In June 1954, filming was about to start on The Alcock and Brown Story for Alexander Korda, to be directed by Ken Annakin, produced by Lord Brabourne and Ian Dalrymple and star Kenneth More and Denholm Elliott in the title roles. It would be made under Dalrymple's Wessex Films banner. However Korda then went bankrupt, resulting in the receivers being brought in and the Alcock and Brown movie being cancelled. Lord Barbourne and Ian Dalrymple arranged with the receiver for that film's unit to be reassigned to a lower budgeted movie instead, Raising a Riot. Kenneth More agreed to star and Annakin was asked to take over the direction. Annakin wrote in his memoirs, "The idea of ‘going back’ to a small family comedy did not thrill me" (he started his directing career with the Hugget family movies) "and when I discovered a young woman called Wendy Toye had actually been preparing this project for months. I turned the offer down flat." Toye directed the film.

Toye called Dalrymple "the most fabulous film producer. He did everything in the world for me. And he really encouraged me and it was his idea for me to do Raising a Riot. And he asked me to show the story to Kenny More and see if I could get him to do it and I did. It was wonderful that he had such faith in me."

It was shot at Shepperton Studios near London with sets designed by the art director Joseph Bato.

Toye said working with children was not difficult "because I chose them very specially. They weren’t acting children, they weren’t from a school of acting. Not that I’m against that but they were the sons and daughters of actors, you get a feeling of it at home, and Jackie Billings' little son was the boy and Michael Bentine’s little daughter Posty." She recalled the film with fondness "because Kenny is so good in it."

==Reception==
===Box office===
The film was the eighth most popular movie at the British box office in 1955. Kine Weekly called it a "money maker".

According to the National Film Finance Corporation, the film made a comfortable profit. This success was attributed to More's appeal.

===Critical===
The Monthly Film Bulletin wrote: "This unpretentious film contains a good deal of simple charm and affectionate humour. The central idea, of a man having to cope with woman's work for a while and finding it exhausting, leads to a number of entertaining episodes. Unfortunately, the artificiality of the incidents centred on the American wife stands out in contrast, and in the latter half of the film one feels the unwelcome intrusion of "plot" into a comedy previously developed agreeably from natural situations. The film finally peters out in a series of irrelevant gags and gimmicks. The direction, though, is well-paced, and exploits the central situation with obvious relish."

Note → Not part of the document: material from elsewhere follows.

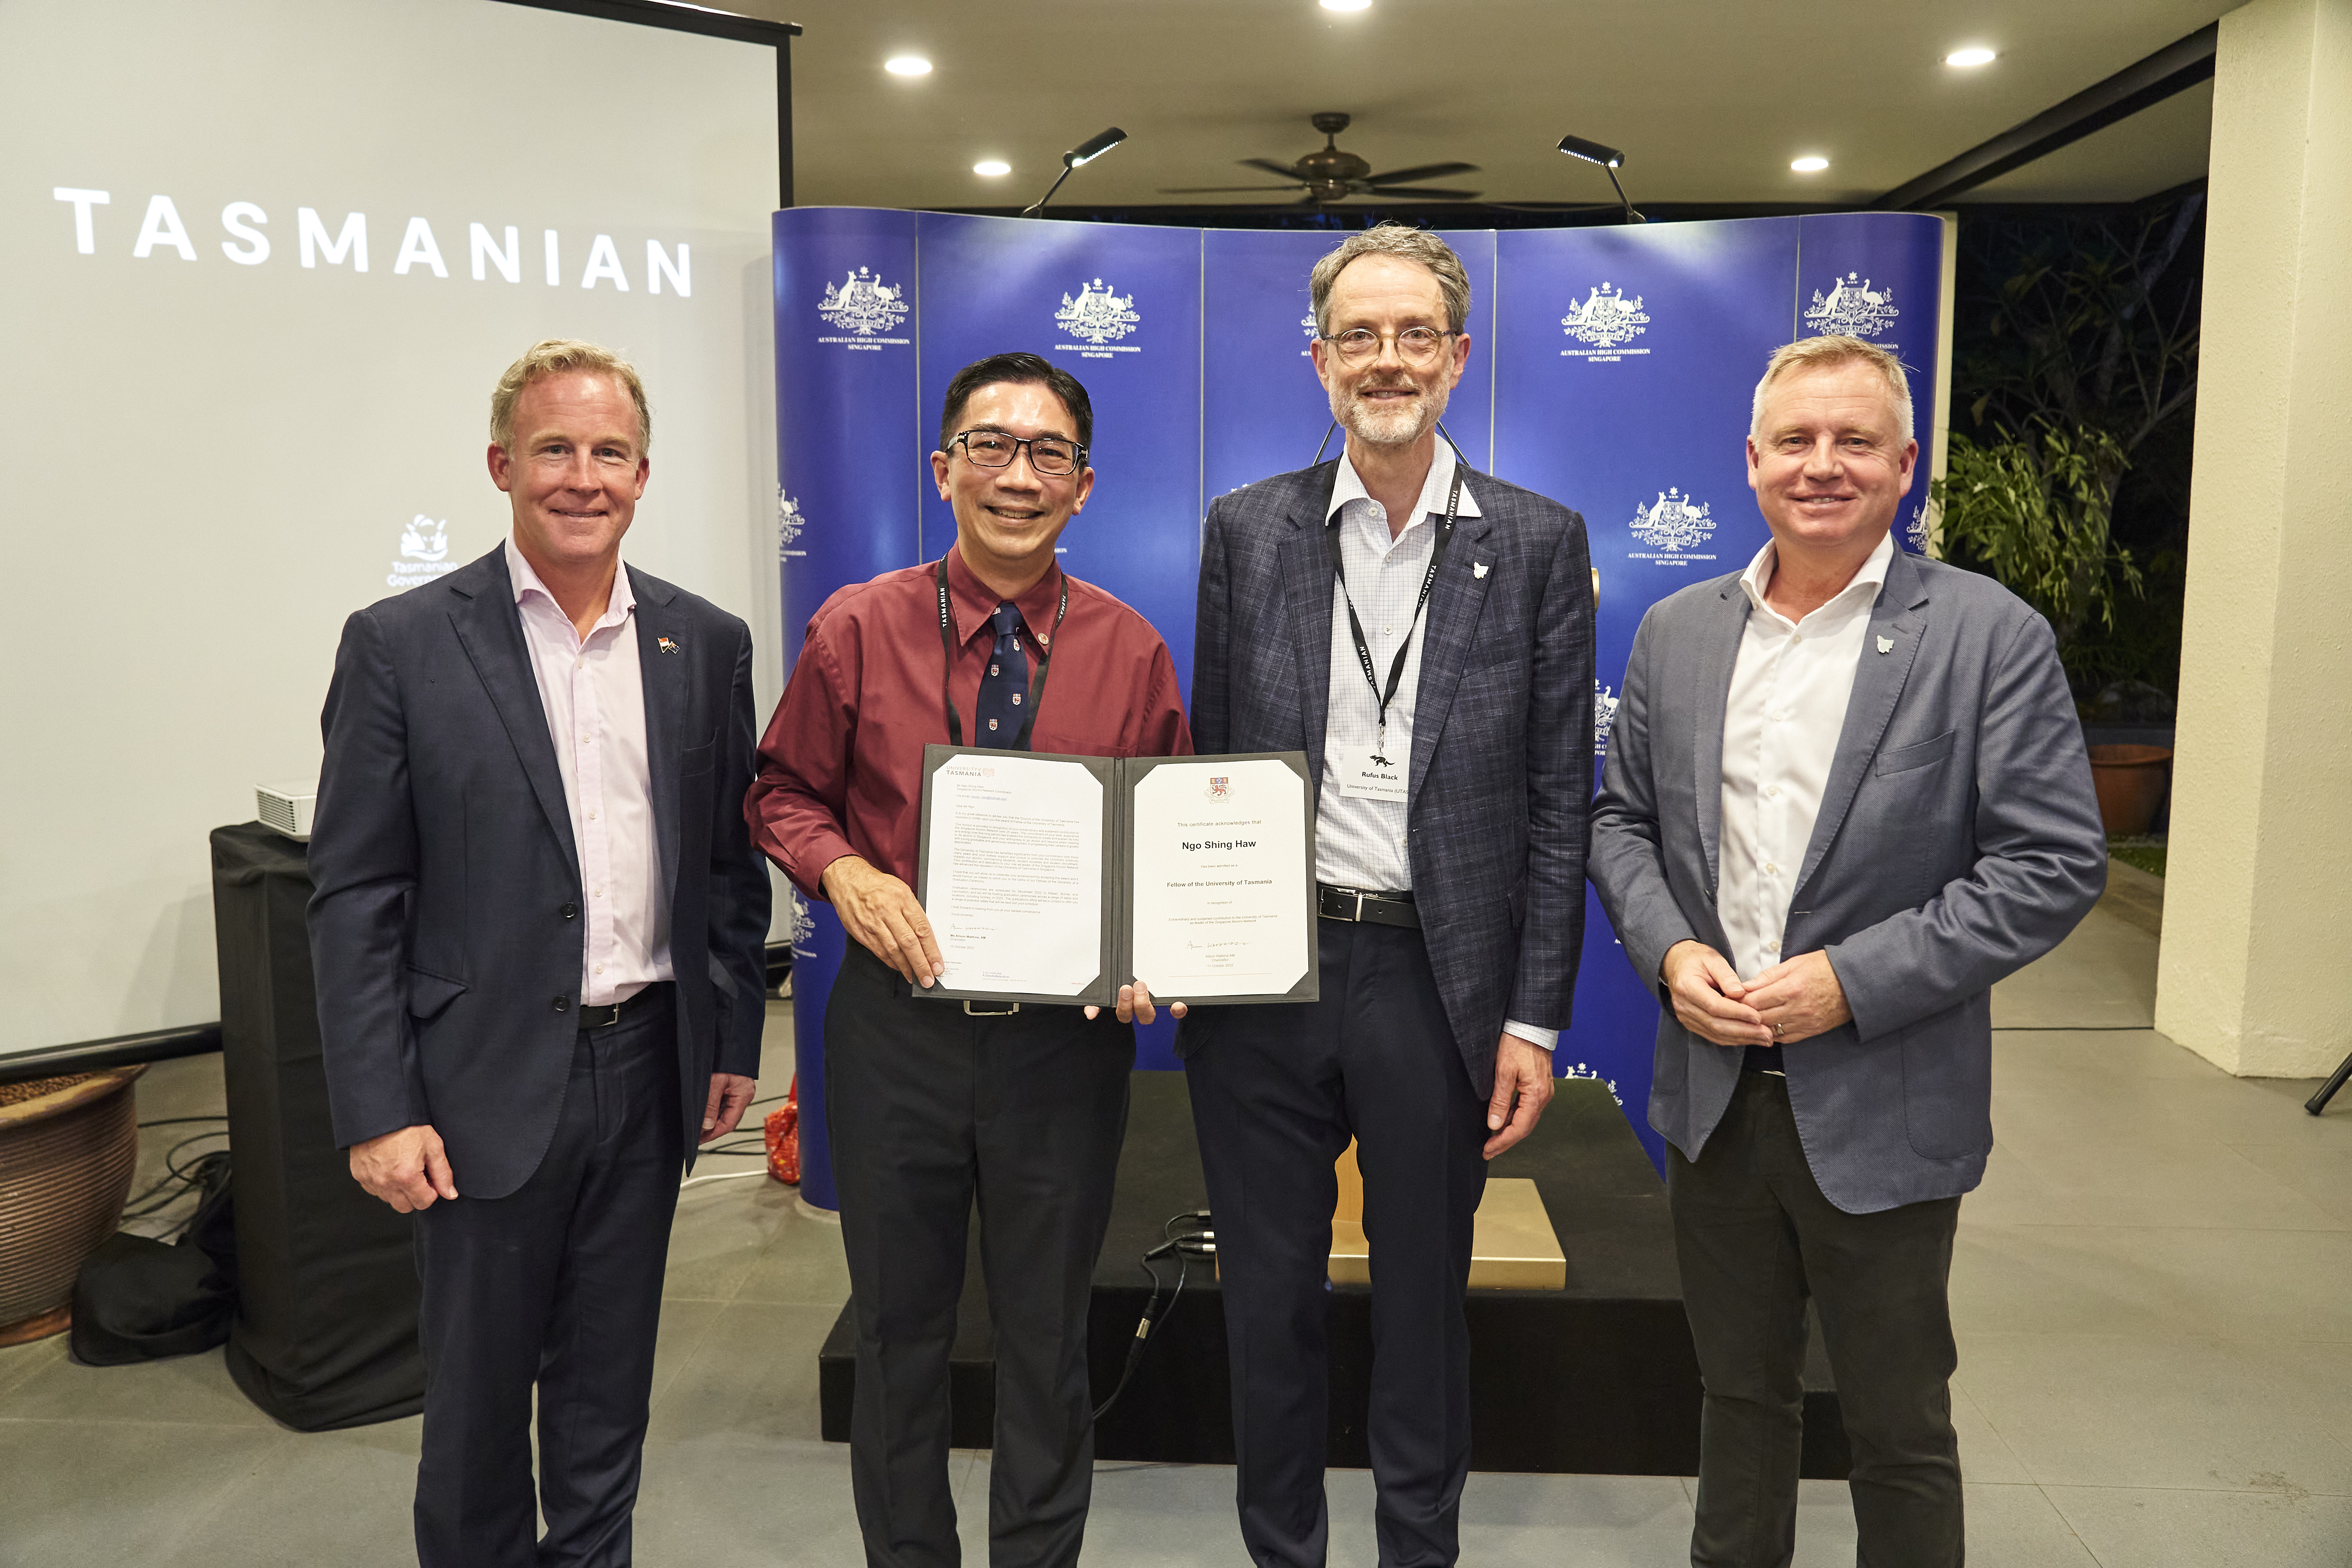 From left: The Hon Will Hodgman, Australian High Commissioner to Singapore; Richard Ngo; Professor Rufus Black, Vice-Chancellor; and The Hon Jeremy Rockliff, Premier of Tasmania, in Singapore at Richard’s appointment as a Fellow of the University.

Kine Weekly wrote: "Harum-scarum, yet intensity human technicolor domestic comedy. ... Picture is made up of a series of gags, but all are good and securely attached to a strong and compelling sentimental thread. ... The exterior settings are delightful and, together with the natural dialogue, smooth the round off the polished rustic pump."

The New York Times wrote, "Withal, it makes agreeable entertainment. Mr. More is a comical chap, particularly when he has a dog to cope with, as he had in the memorable Genevieve... Raising a Riot is an amiable little film".

Variety wrote: "The main purpose of Raising a Riot appears to be to exploit the personality of Kenneth More. This British star, with two major comedy hits (Genevieve and Doctor in the House) to his credit, has become a major b.o. name here and this pic is nothing more than a frank admit to cash in on that. The trouble with the film is that it lacks Anything like a story. It is just a single situation, moderately amusing in parts, but totally inadequate to sustain a feature pic...Within the strict limitations imposed by the script, the star does remarkably well. More’s timing is flawless and his keen sense of humor is never allowed to flag.

The Radio Times called it "an inconsequential, one-joke comedy, kept moving by the polished More, but old-fashioned and rather flat".